Vaer’ine knew her father as she knew her own heart. “An offering.”
“Of what?” Nepheris and Beodhen asked in unison.
“Bloody not your hands or minds,” Vaer’ine commanded. “Leave it to your aunt.”
“She knows him best.” Myris’lyr agreed. “Though no one knows the depths of the sea, sister, save the strangest of beasts.”
Vaer’ine raised a goblet to the sky, “For the Family.”
“For the Family,” the rest toasted.
Chapter V: The Second and Third Fall
Vaer’ine stood before the Pantheon, her head lifted and her gaze strong. Once known as the plain sister, it was clear she had grown into her beauty–and power–over the years.
Vaer’ine, copying her father’s words, explained the danger of the Strange Children. Mynair’s floods, Hyrnedhna’s beasts, and Opix’s deadly storms. She explained that the Mortals grew wary not of nature but of the Divine. She cautioned that the Pantheon stood in the balance.
Pel’pyri immediately protested. They had always been Gods of the wild world. Never before had Mortals cared.
Vaer’ine calmly answered, expertly pretending she was sure of herself. “Those times are gone, Mother. We let the Mortals know us, and they see us for what we are. Powerful.”
Gu’labir looked on in amusement.
Me’me’suul called forth a clap of Thunder and bellowed. What would Vaer’ine suggest they do? Slay another God?

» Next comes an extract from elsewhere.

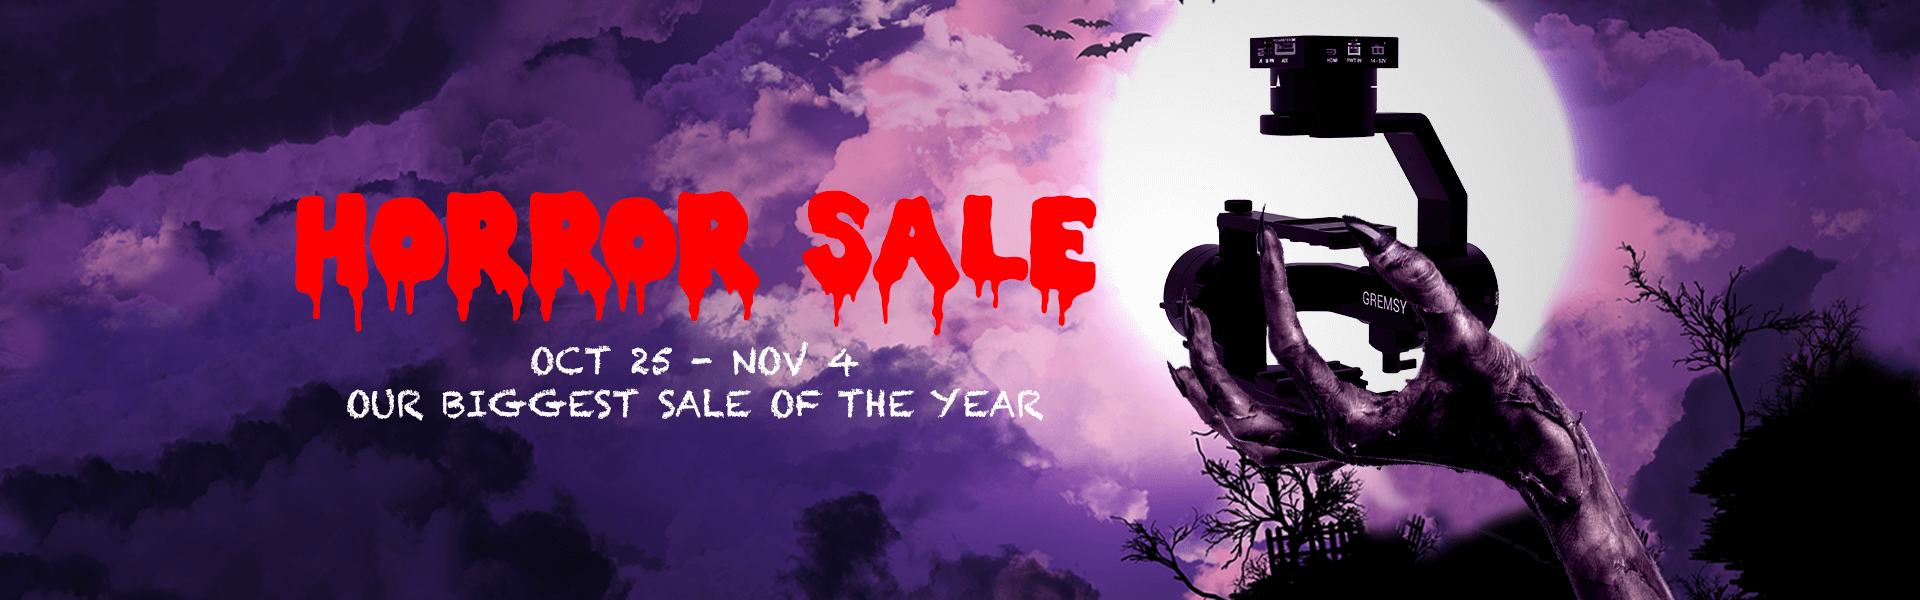 THE GREMSY'S BIGGEST SALE OF THE YEAR - HORROR SALE

Vaer’ine steeled herself. “Only one.”
And Vaer’ine pointed at Opix.
Pel’pyri began to rage, but Le’neris interrupted.
“My love,” He said with acid in his voice. “Your best beloved has caused disastrous harm to not only Mortals but the Mortals who best love the Pantheon.”
And Le’neris stepped forward, dismissively commanding his daughter to sit.
Gu’labir chuckled.
“We need only show the Mortals we understand our wrongs. We need to let them know we mourn with them.” Le’neris supplied.
“But we do not!” Me’me’suul and Pel’pyri shouted.
“But we should.” Le’neris grimaced, as if pained by his next suggestion. “We must offer them the Blood of a God as apology for the loss of Mortal life. It is not natural, but it is fair.”
The Gods began to argue, and Faeris’lyr finally stepped forward.
“No, father,” he ordered. “Such things are impossible. A God must not die for Mortals.”
Gu’labir nodded.
“However,” He continued. “You are right that something must be conceded.”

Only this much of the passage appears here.